F2.0?F2.8まで絞ることで3本のレンズの差は縮まり、特にソニーFEとニコンZの差は見られません。ただし、6100万画素のα7R IVと4500万画素のZ 7で撮り比べているので、同じ6100万画素センサーならばZにもう少し伸びしろが残っている可能性あり。(Zの作例をよく見てみるとモアレが発生するくらいには解像している)
キヤノンRFがソニー・ニコンに追いつくことはありませんが、F5.6まで絞るとほぼ同じパフォーマンスとなる。EOS R5のセンサーはローパスフィルターを搭載しているので、センサー側の影響があるかもしれません。どちらにせよ、F5.6以降で3本に顕著な差は見られません。
周辺
F1.8の結果は中央と同じく「Z > FE >>RF」
ソニーとニコンは僅差ですが、マイクロコントラストはZのほうが良好に見えます。将来的に6100万画素機でテストするとさらに差が開く可能性かあり。
絞ってもニコンはあまり改善しませんが、ソニーはF4でニコンに追いつき、キヤノンRFは色収差の影響が残るものの、F5.6で良好な結果を得ることが出来ます。
四隅
ここでの結果も中央と同じく「Z > FE >>RF」
どのレンズも周辺減光の影響は避けられませんが、その中ではZが最も良好なシャープネス・コントラストを実現しています。

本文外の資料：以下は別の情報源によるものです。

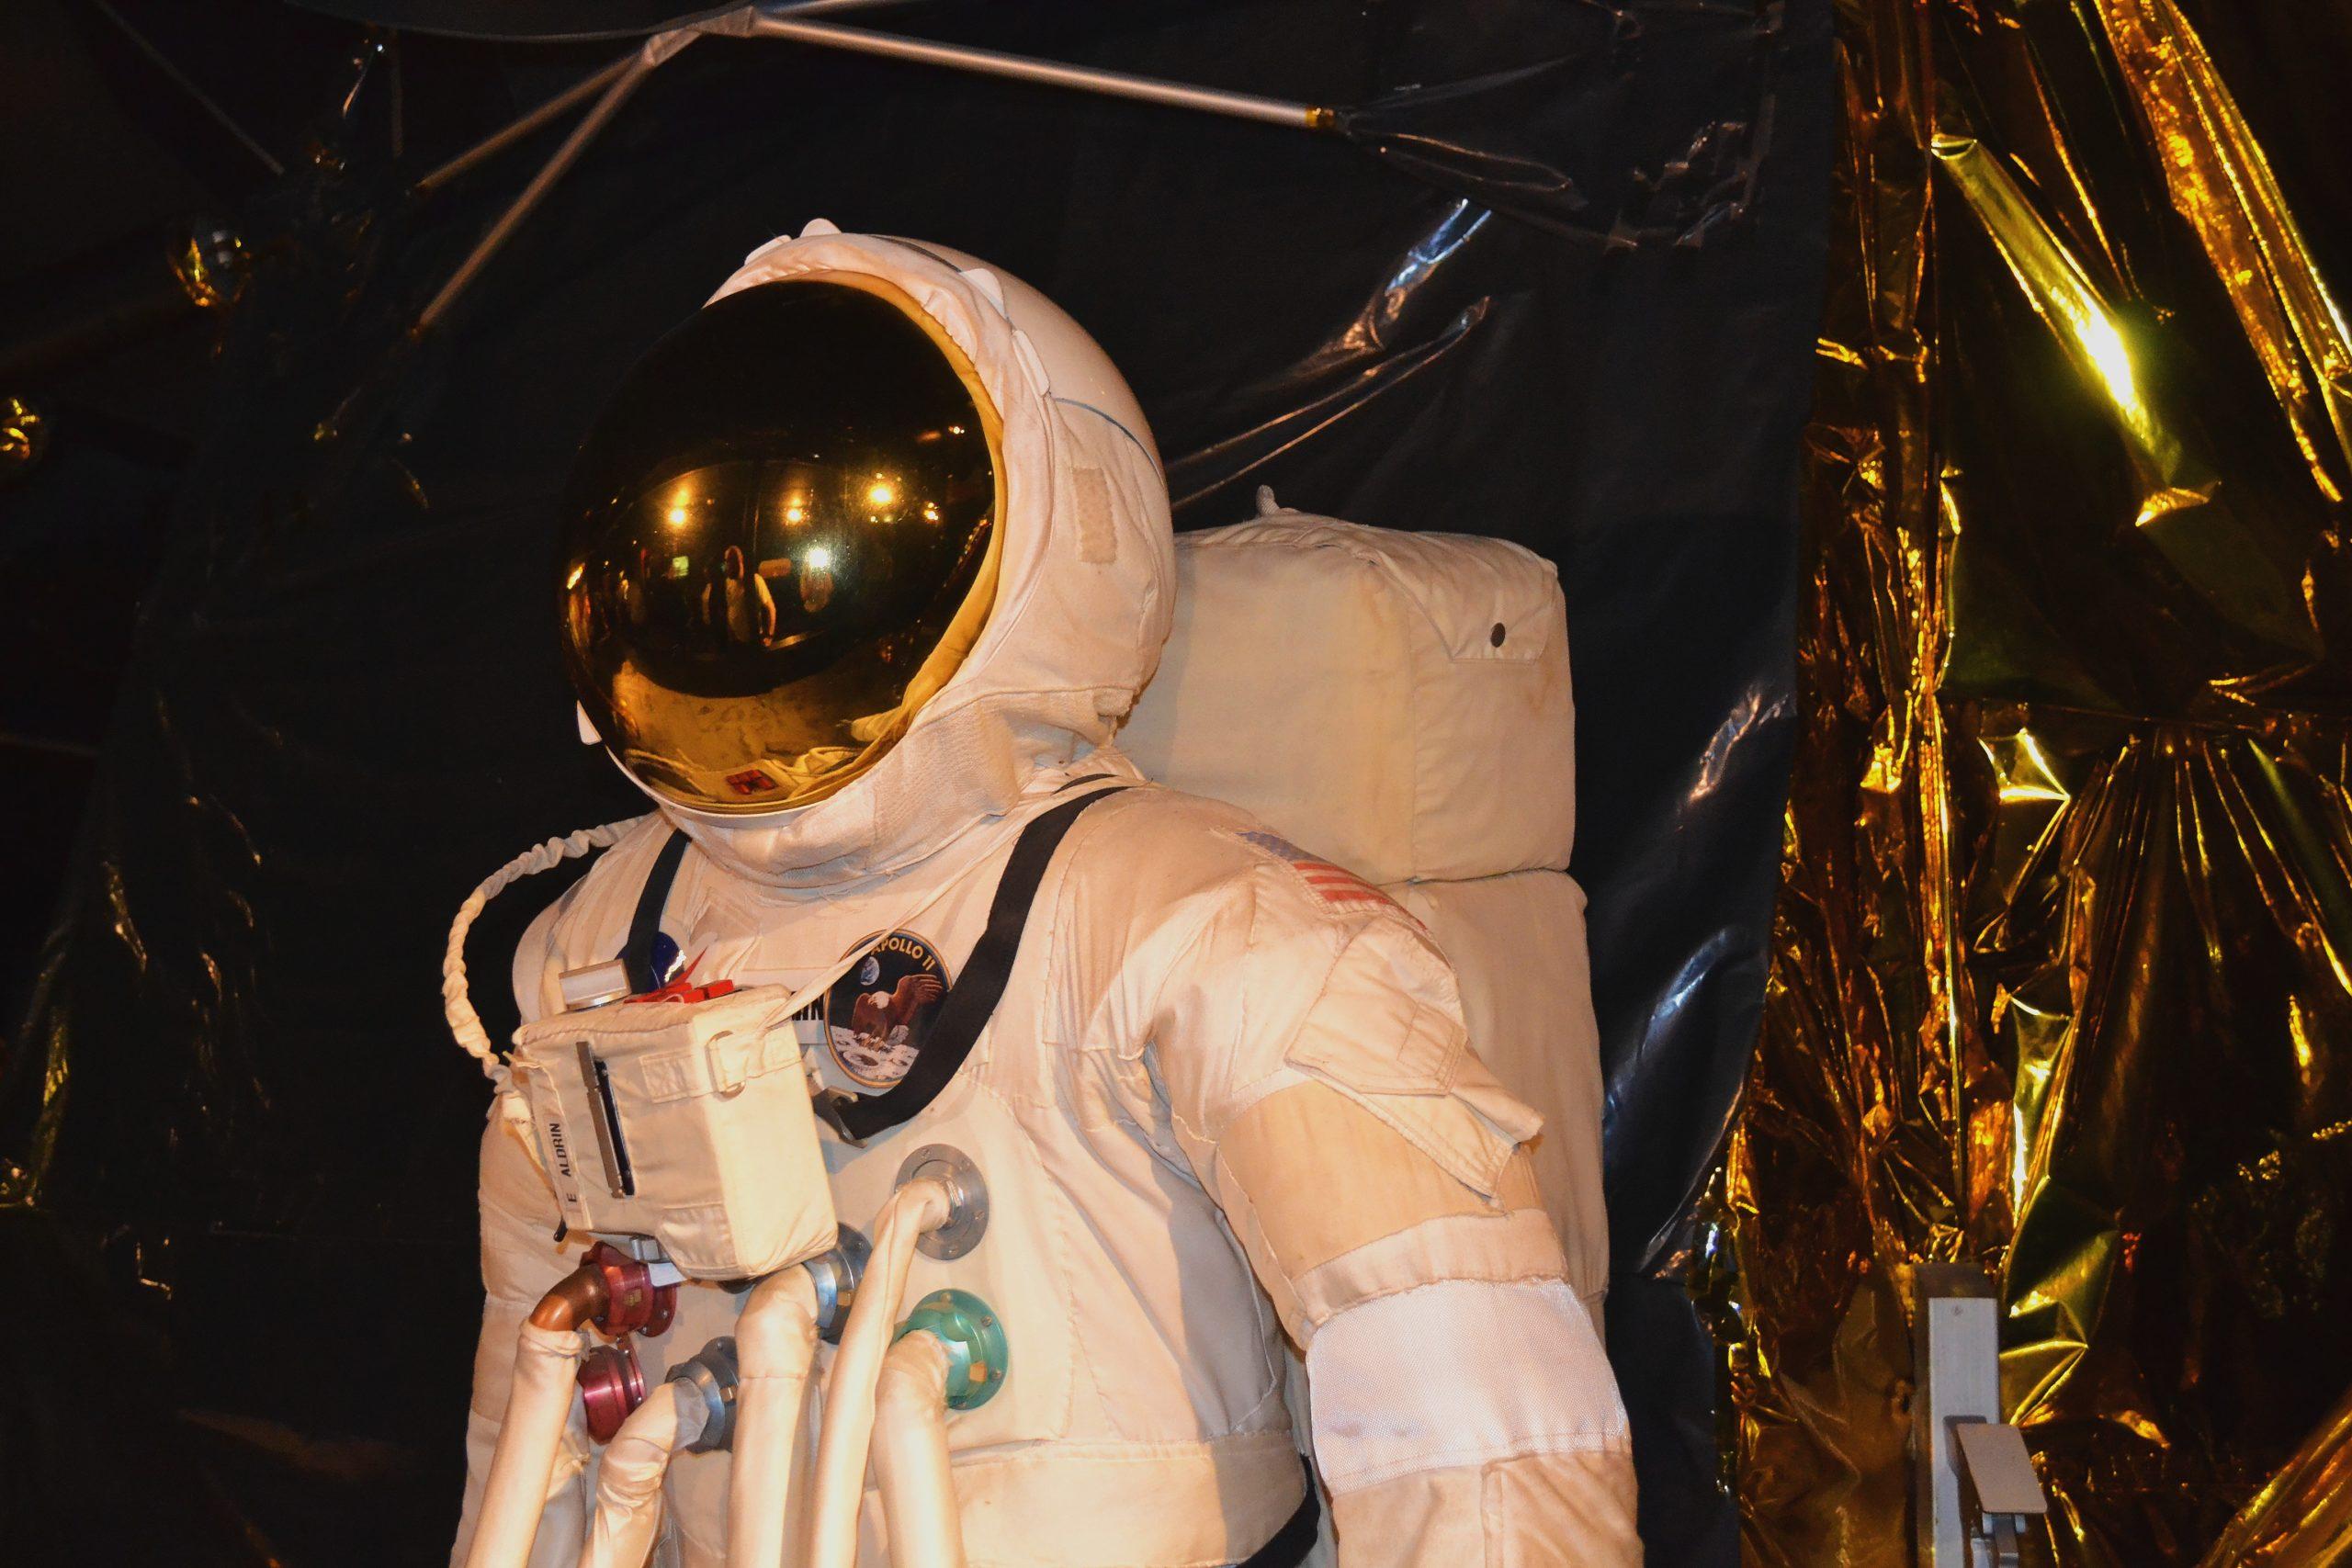 【宇宙飛行士になるには】どこの大学、どの分野を学べば宇宙飛行士になれるの?

ソニーはF2.8まで絞るとかなり改善しますが、それでも色収差の補正やコントラストはZに及びません。F4まで絞るとソニー・キヤノンがニコンの追いついてきますが、キヤノンは色収差を抑えるためにもう1段絞っておきたいところ。
F8まで絞った際の差は僅差ですが、6100万画素で撮影したFE55mmと4500万画素で撮影したRF50mmがほど同じ。RF50mmは色収差が目立つもののディテールはFE55mmより良好となる可能性あり。Z 50mmは絞り開放からF8までそう大きな変化が見られません。裏を返せば、開放からとても良好な性能です。
今回のおさらい
遠景解像はニコンが最も良好で、絞り開放から隅までとても良好な性能を発揮。ソニーやキヤノンと比べて、性能差が特に目立つのは絞り開放のF1.8付近。ソニーやキヤノンも絞るとニコンに近づきますが、F1.8の明るさと解像性能を活かしたいのであればニコンがベスト。
どのレンズもF8まで絞れば隅まで良好となりますが、その際のコストパフォーマンスで言えば小型軽量で安価なキヤノンが良い感じ。絞って全体的に伸びる傾向はガウスタイプのEF50mm F1.8と同じ。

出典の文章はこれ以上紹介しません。